Individuals who access the image can view it on an interactive interface called SceneView developed by Esri, a geographic information system company. This interface allows for seamless exploration of the entire Red Planet at “outcrop resolution.” Outcrops are individual small cliffs and buttes that may be of interest to scientists.
“Mission data are a gift that keeps on giving. NASA’s research and analysis program allowed us complete this huge mosaic and make it universally available,” says Bethany Ehlmann, professor of planetary science and associate director of the Keck Institute for Space Studies. “I can’t wait to see everything people do with it and the science it enables.” Ehlmann and Dickson were principal investigators of the NASA Planetary Data Archiving, Restoration, and Tools grant that funded much of the work.
While scientists have higher-resolution individual images of locations on Mars, the highest resolution available at a global scale before this was 100 meters per pixel compared to 5 meters per pixel for the new mosaic. This represents a 20-fold increase in resolution in both dimensions of the Martian surface, providing 400 times more information for a given area.
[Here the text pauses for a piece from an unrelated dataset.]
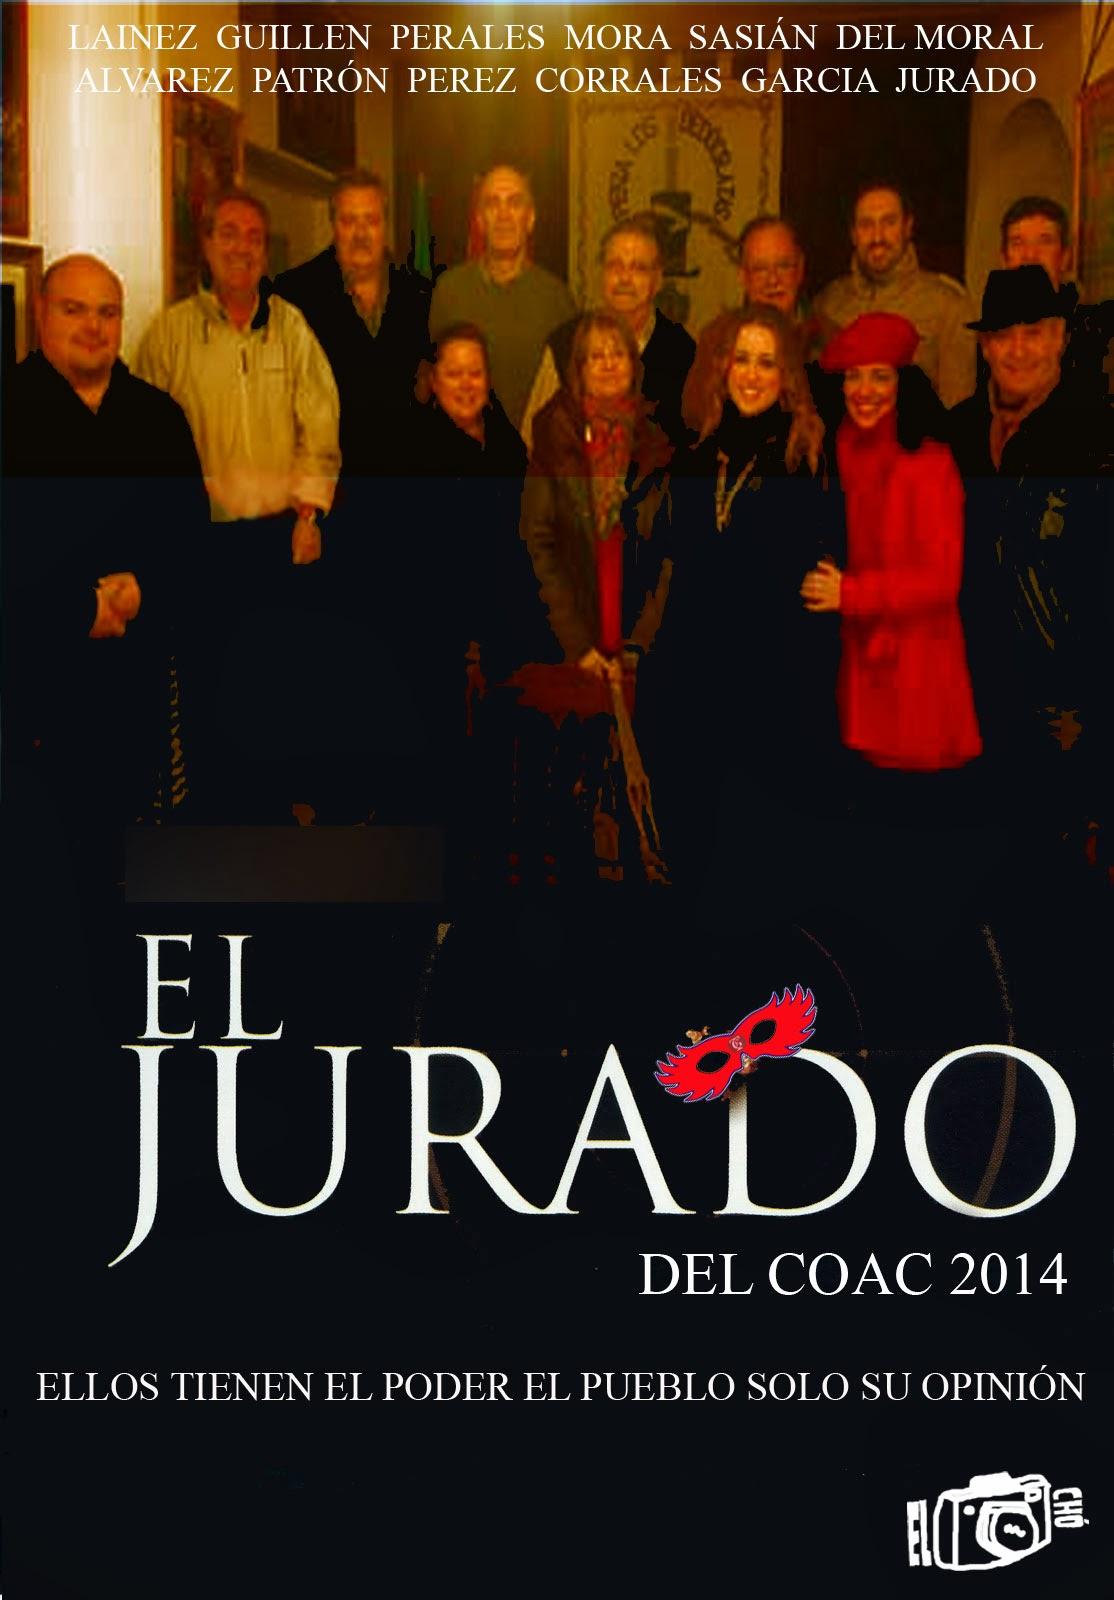 Los miembros del jurado

To construct the image, Dickson and his colleagues used a feature-matching algorithm that aligned all of the images and blended overlapping images together by calculating the path of least contrast between those two and joining them together like jigsaw puzzle pieces. “This is nondestructive processing,” Dickson says. “We’re not blurring lines to smooth out boundaries; we’re finding the best possible line to join two images.” Importantly, a map of this jigsaw puzzle of individual images has been released along with the image, allowing complete traceability of each pixel to its parent image.